Taxation on alcohol has been used effectively in developed markets to limit consumption and "disruptive tax increases would be a risk to emerging market volumes," Mr Gorham added.
After growing steadily for about 25 years, alcohol consumption plateaued in Thailand after the 2008 release of a national policy on alcohol that helped persuade more than two-thirds of Thais to abstain from booze, WHO data show.
A worker stands near bottles of Regal Seven beer at Heineken's newly-opened brewery near Yangon July 12. (EPA photo)

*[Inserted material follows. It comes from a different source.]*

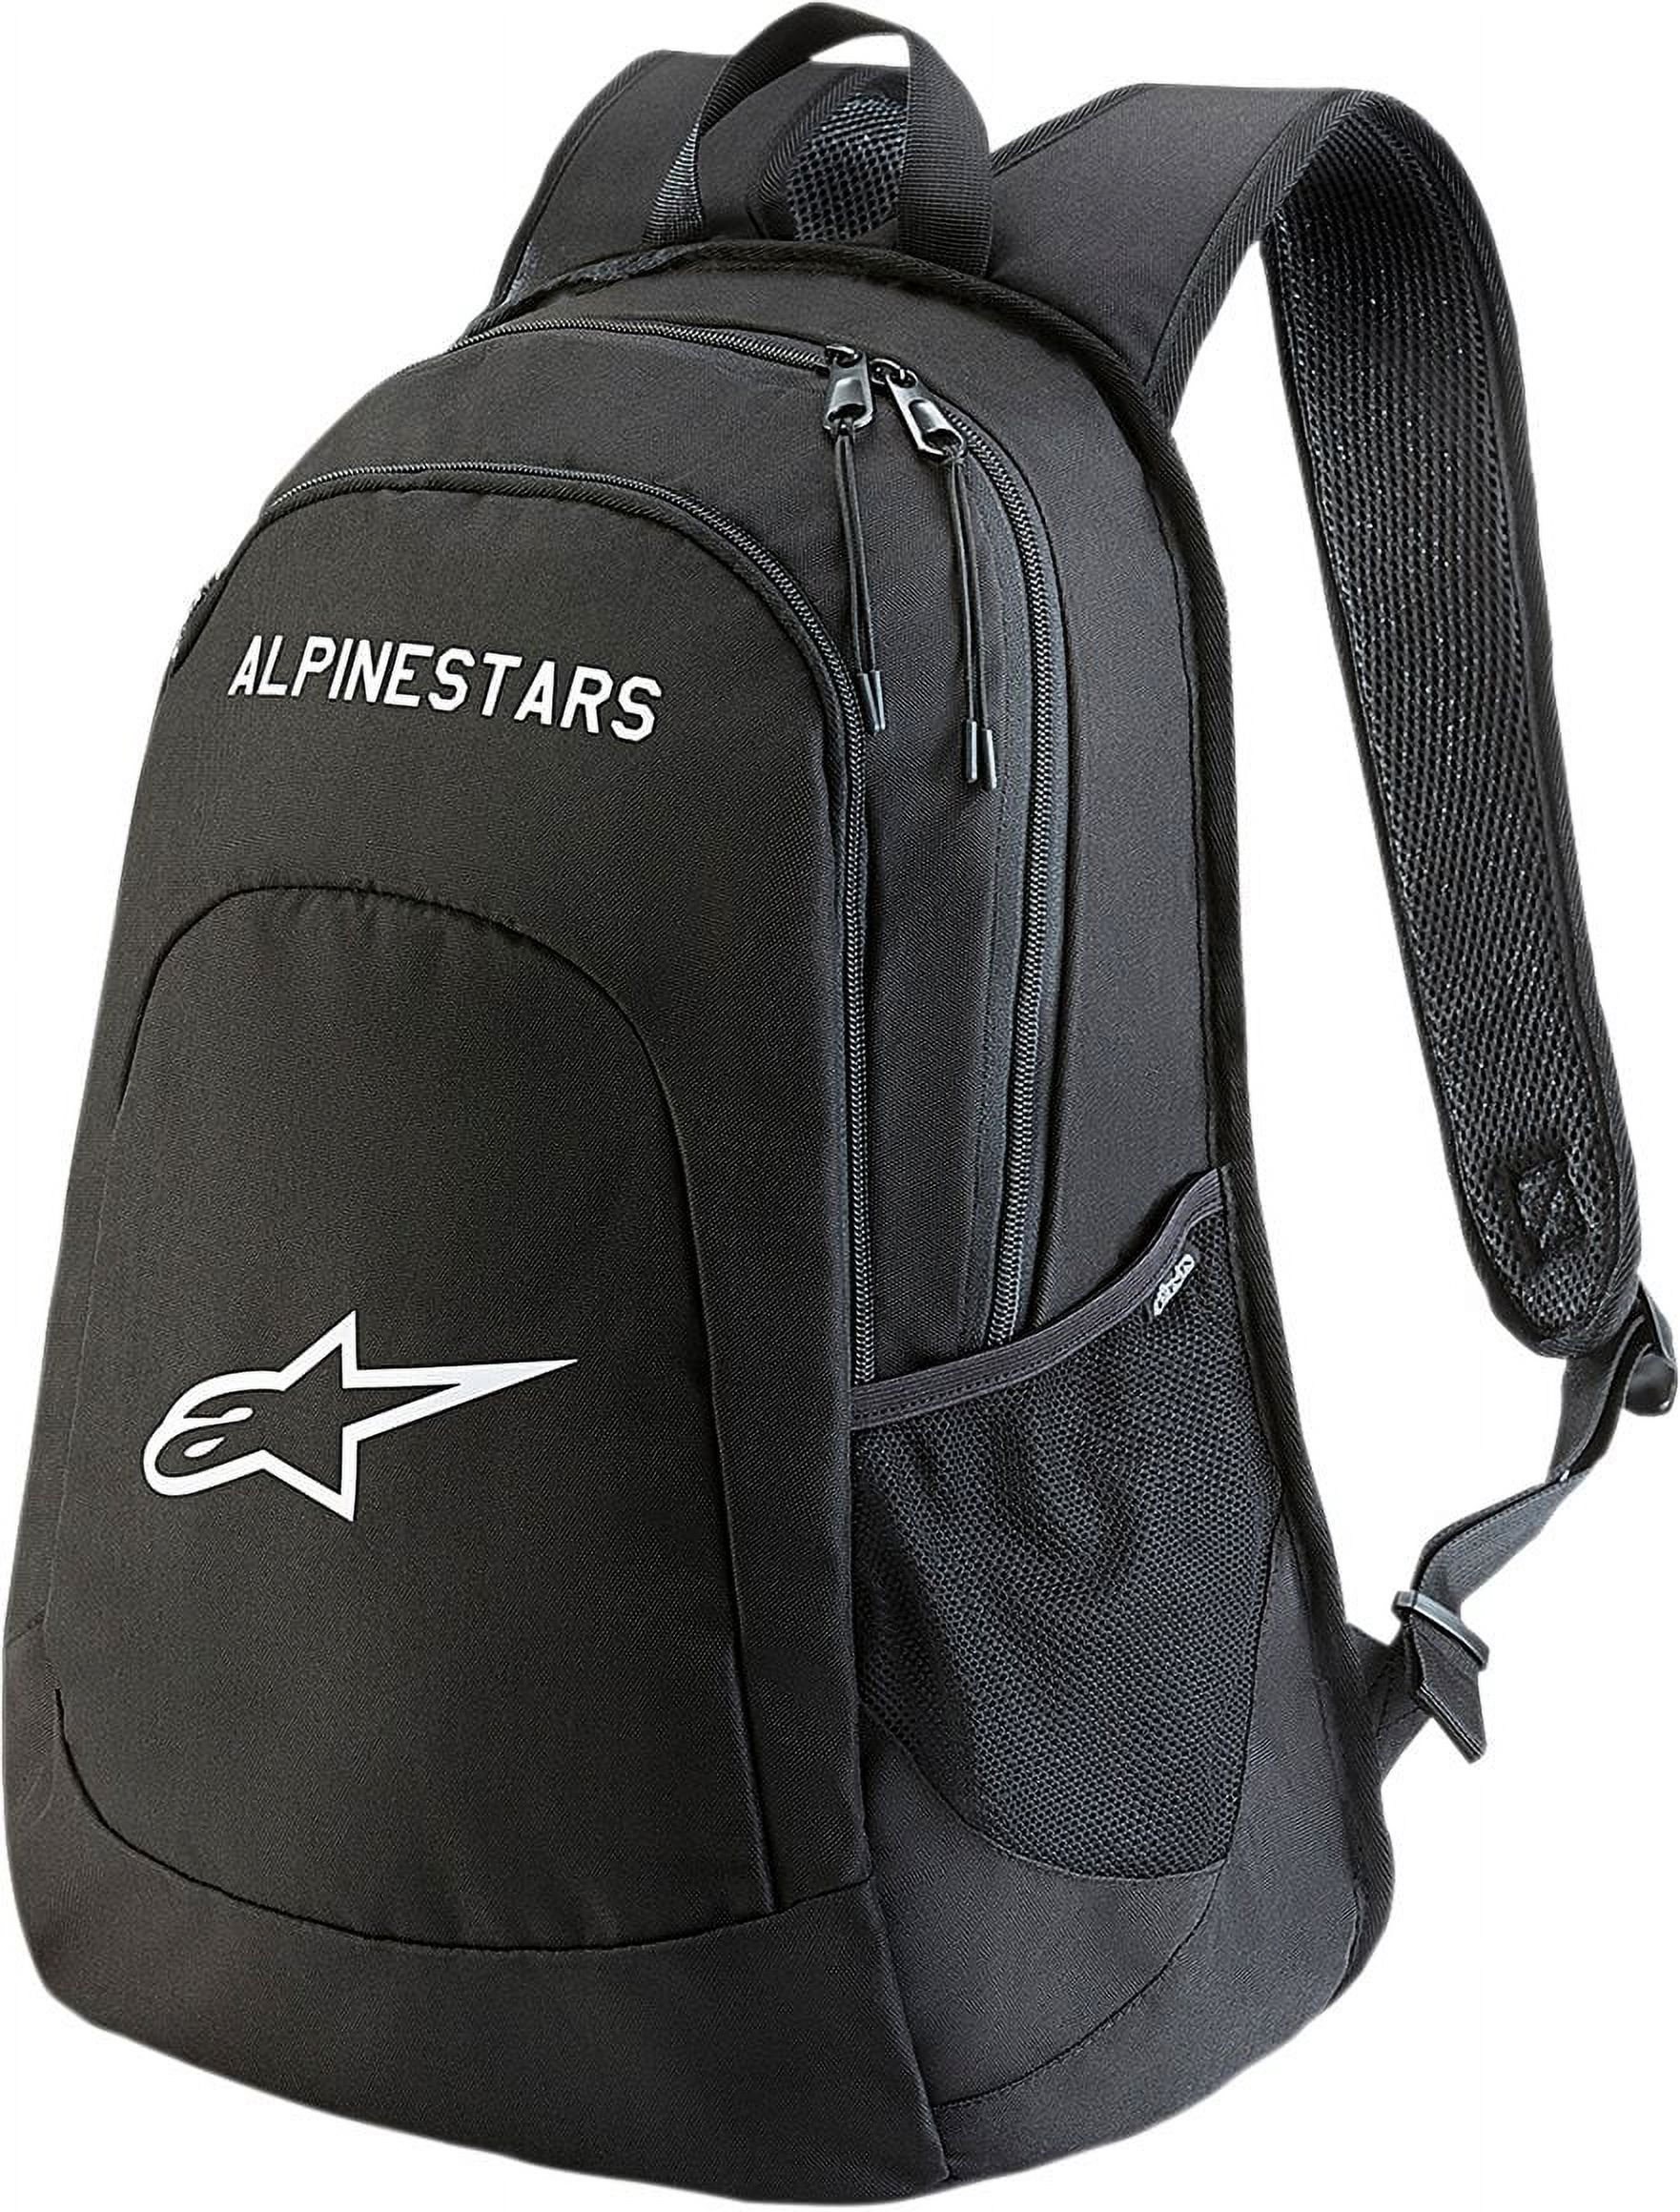 Alpinestars Defcon Backpack - Black/White - image 1 of 2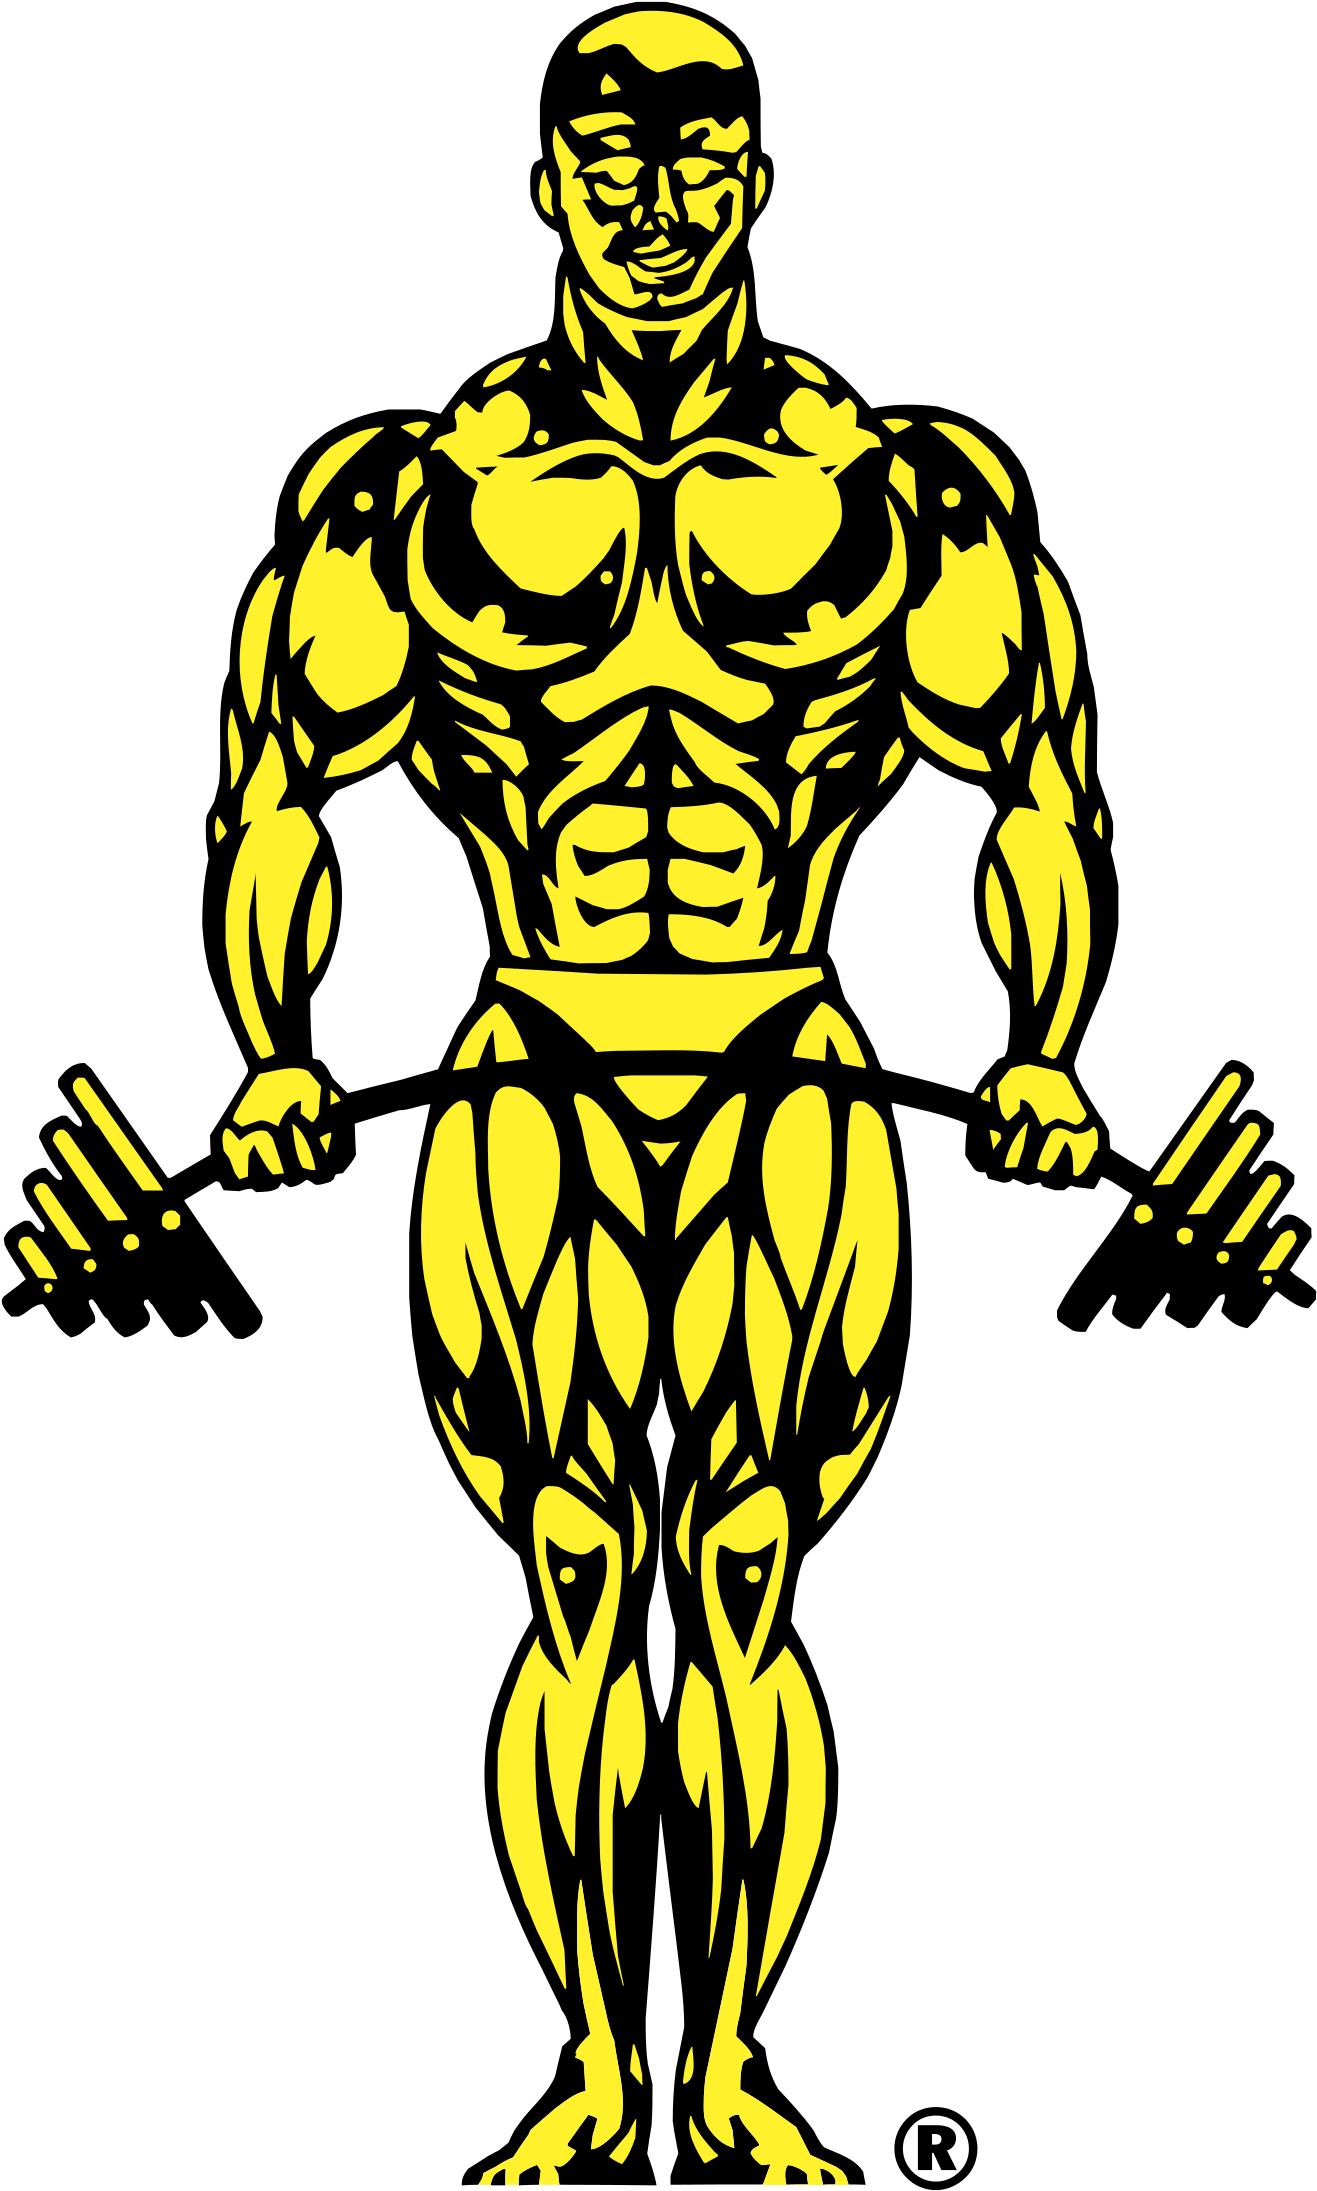 Download Gold S Gym Logo Png Transparent Golds Gym Logo Png Image With No Background Pngkey Com

Other governments are following suit.
The Philippines introduced a so-called "sin tax" on cigarettes and alcohol in 2012 that's increased the price of a litre of premium beer by 22 pesos (17 baht).
India's Kerala state in August enacted a law that would put it on the path to almost-complete prohibition in 10 years, the Press Trust of India reported in August. In mandates that only luxury hotels can sell liquor, and the number of state-run liquor and beer outlets will be cut by 10% a year. At least 400 bars attached to smaller hotels have already been shut after being denied licences and 300 may close soon.
The regulatory and tax challenges in India are increasing, Gilles Bogaert, chief financial officer of Pernod Ricard SA, told analysts on a conference call in February. "The Indian market is not easy from a regulation and tax standpoint," he said.
Alcohol laws are becoming "more stringent" worldwide, said Spiros Malandrakis, senior alcoholic drinks analyst with Euromonitor International, who sees the biggest risk for beverage companies coming from any further reduction in consumption in mature markets, where sales are flagging.
"Any additional measures to cut down consumption will perhaps have a much bigger effect than in emerging markets, which are anyway moving in a more-or-less positive direction, as middle classes are advancing and consumers are trying to emulate Western drinking habits," Mr Malandrakis said.